Оба войска были примерно одинаково сильны — в каждом около двадцати тысяч человек. Разгромив армию Ра, Муваталлис обезвредил четвертую часть боевых сил фараона. Затем от отрезал армию Амона (тем самым и самого фараона) от главных сил — армия Птах приближалась, находясь в полном неведении, армия Сет все еще ждала к югу от Оронта. И Муваталлис, с молниеносной быстротой использовав ситуацию, прорвался со своими колесничими через ряды бегущих, зашел им в тыл и окружил царя!
Ни один наблюдатель не мог бы сомневаться в том, что величайшая битва древности должна была кончиться уничтожением египетского войска. Сохранив нетронутыми силы своей армии, Муваталлис получил возможность разбить армию за армией египетские войска.
Только чудо могло помешать полному уничтожению египтян. Только чудо могло спасти самого фараона и остатки его войска. И это чудо свершилось.
Египетские авторы хроник позже писали о нем, как о необыкновенном примере божественной храбрости Рамсеса. Однако как бы ни были велики деяния фараона, спасение его стало возможным лишь благодаря двум событиям, происшедшим совершенно независимо от его вмешательства. В смешанном войске хеттов была слабая дисциплина. Уверенные в победе и опьяненные боем, ударные части хеттов охватила жажда добычи, и, увидев перед собой лагерь Рамсеса, покинутые палатки и очаги, продовольственные повозки, утварь и оружие, оставленные бежавшими, они прекратили преследование. Превратившись в беспорядочную орду, не слушавшую команды, хетты, недавно столь грозные, могли теперь стать жертвой любой энергичной а саки. Однако такая атака была произведена не войском Рамсеса, а неожиданно со стороны моря. Небольшой, хорошо дисциплинированный отряд, который, едва появившись на поле боя, разгромил шайки хеттских мародеров. Мы не знаем, откуда он появился, предполагают, что это было подразделение, которое, не имея определенного боевого задания, прибыло в одну из гаваней с целью установить связь с войском. Этот отряд спас фараону жизнь, ему он обязан тем, что впоследствии мог называться «Великим».
Придворный поэт подробно описывает, каким образом Рамсес спасся из окружения. Если отвлечься от безмерных преувеличений, надо признать, что в рассказе есть захватывающие моменты. Волнующей является также и художественная форма повествования, в которой хроникальные сообщения автора сочетаются с описанием личных переживаний царя во время сражения, его призывов к богу и горьких жалоб на вероломных соратников, бросивших его в минуту опасности.

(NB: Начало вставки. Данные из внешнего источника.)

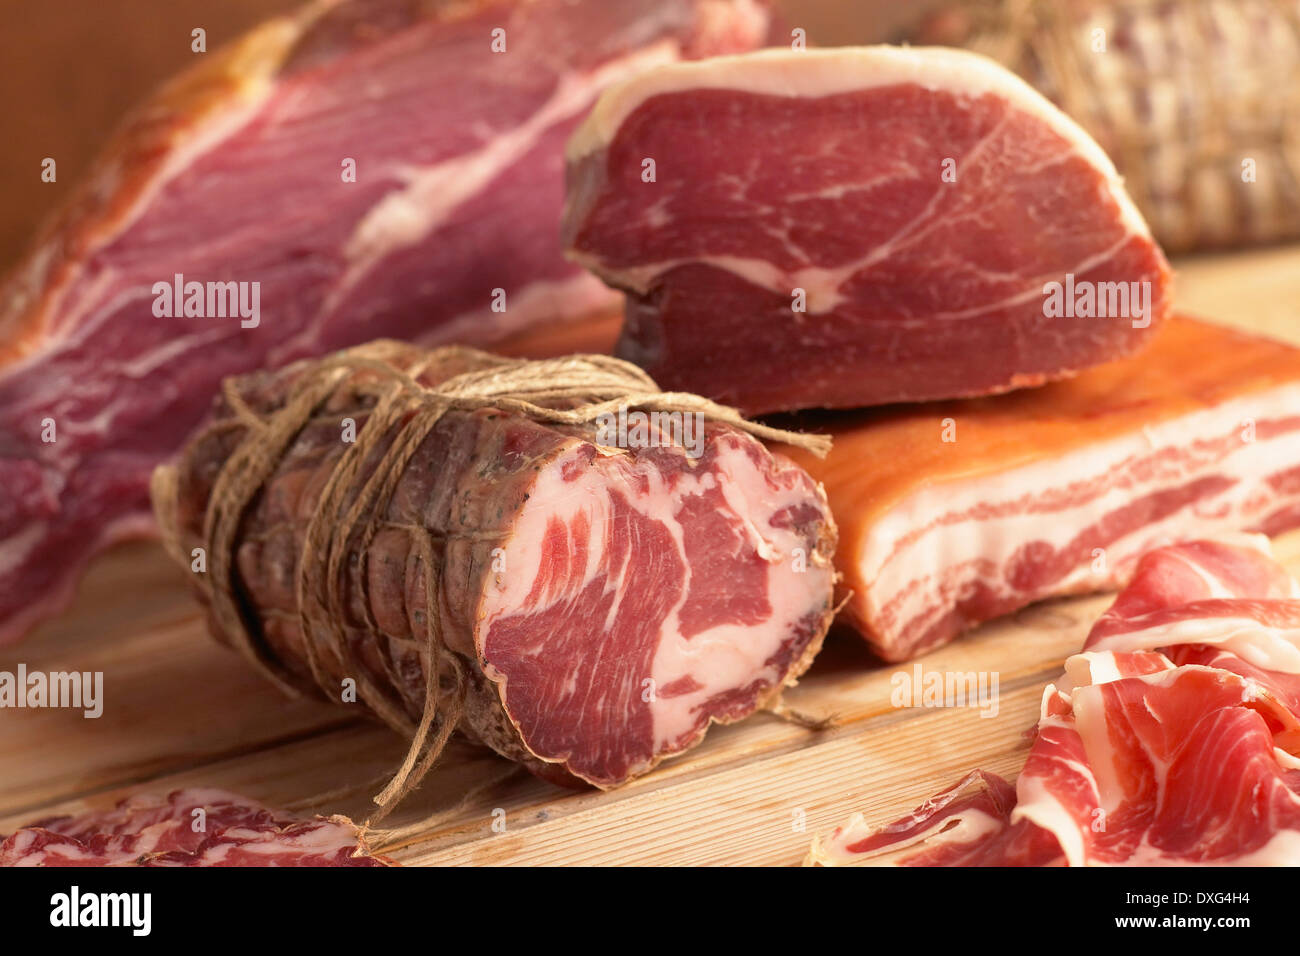 Display Of Cooked Meats In Charcuterie Stock Photo
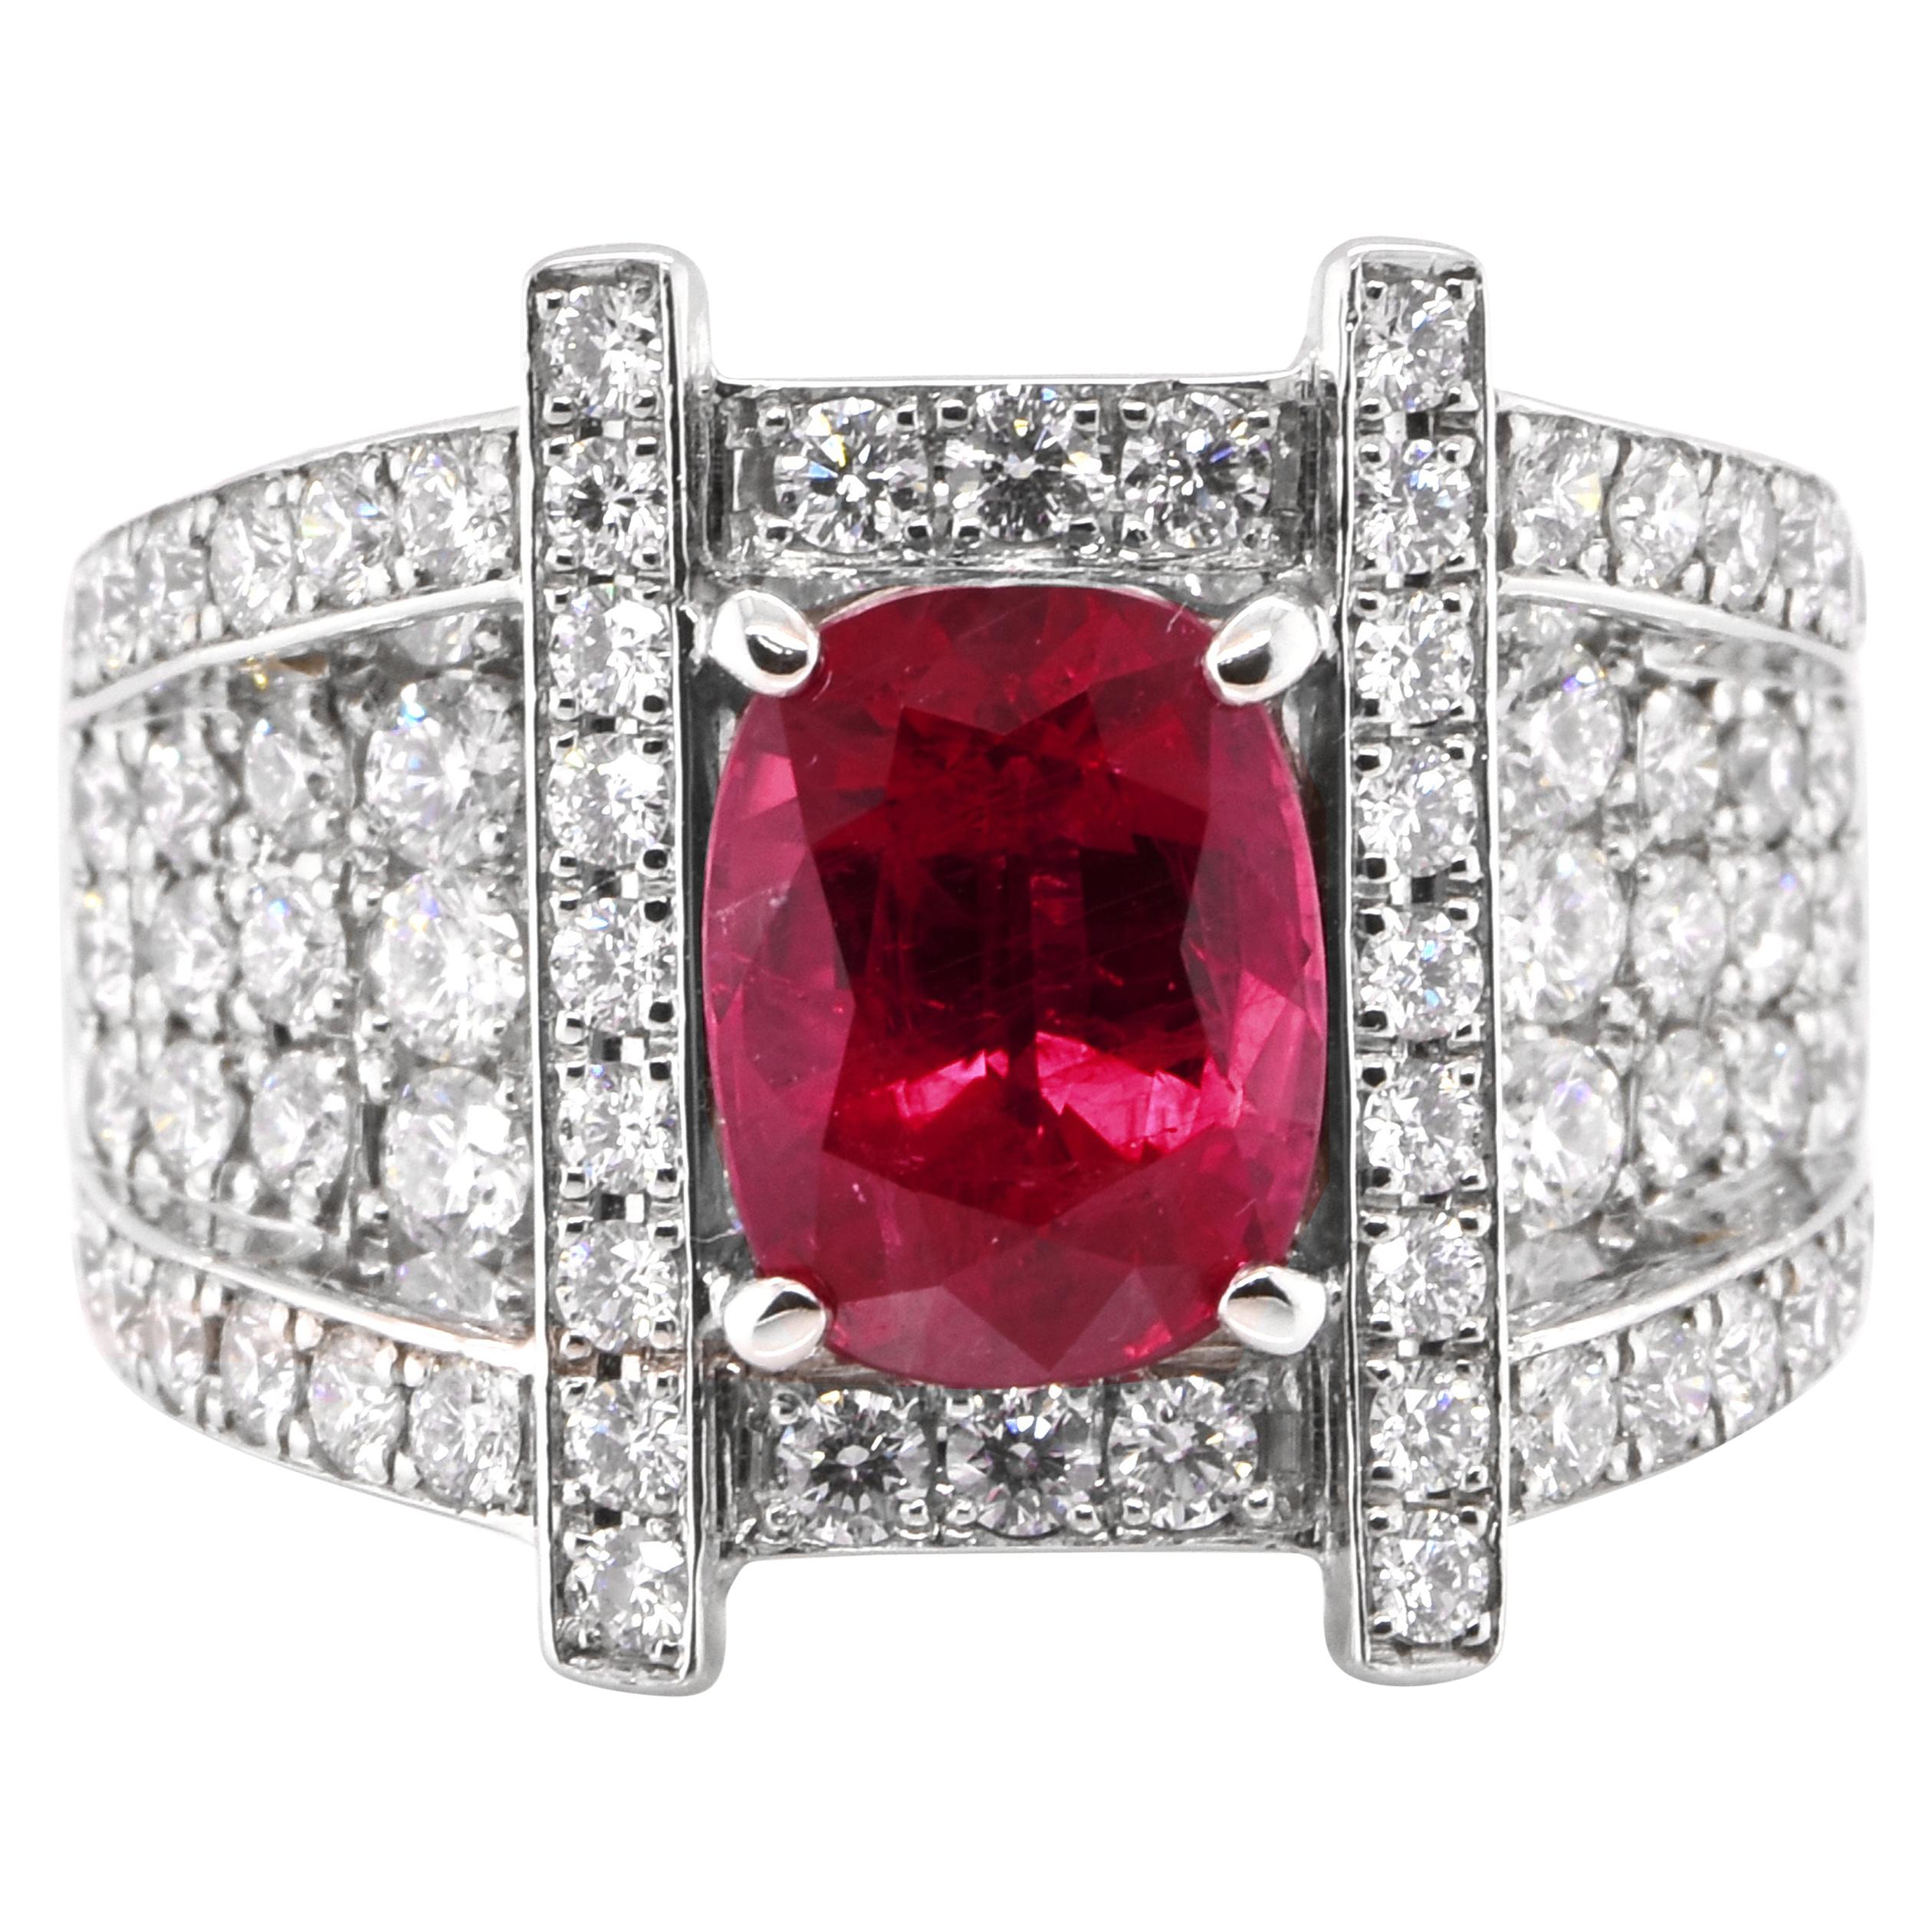 GIA Certified 3.18 Carat Natural Thailand Ruby and Diamond Ring Set in Platinum For Sale

«Его величество был совершенно один со своими телохранителями, — так начинается сообщение, описывающее решающий момент сражения, — в то время как презренный правитель хеттов, — и здесь поэт клеймит хитрость врага, как трусость, — со всех сторон был окружен своими войсками и из страха перед его величеством не принял участия в сражении».
«Когда выступили хеттские колесничие, раскололи и рассеяли армию Ра и бегущие толпы (среди них два сына Рамсеса) достигли лагеря фараона и в своем паническом бегстве увлекли собственные войска, тогда его величество выступил, "как его отец Монту", одевши боевые украшения и облачившись в панцирь; он был подобен Ваалу в час гнева. Большая упряжка, на которой ехал его величество, носила название "Победа у Фив", и она была из больших конюшен Рамсеса. Его величество помчался вперед и проник во вражеское войско хеттов совершенно один, и никого с ним не было».
Предполагают, что бросок Рамсеса, описанный здесь как героический, безумной храбрости поступок, на самом деле был актом отчаяния или безрассудным бегством. Преувеличение поэта, однако, превращается в чрезмерное возвеличение Рамсеса. Оно поднимает событие, каким бы оно ни было на самом деле, до уровня личного подвига императора, оставшегося в одиночестве.
«Когда царь оглянулся, он заметил, что его окружают две с половиной тысячи колесниц с воинами презренной страны хеттов и множеством союзных ей земель: из Арада, Мезе, Педеса, Кешкеша, Ируна, Кизвадны, Хереба, Екерета, Кадеша и Реке. Они стояли втроем на одной упряжке и объединились».
И тут царь возносит свою жалобу, и поэма становится величественной (рассказ поэта перемежается с прямой речью фараона). «Ни одного государя нет рядом со мной, ни одного возницы, ни одного военачальника пеших войск и ни одного из отрядов боевых колесниц. Мои пешие войска и мои колесничие покинули меня, как добычу для врага, и никто из них не устоял, чтобы воевать с ними». И он взывает к своему богу.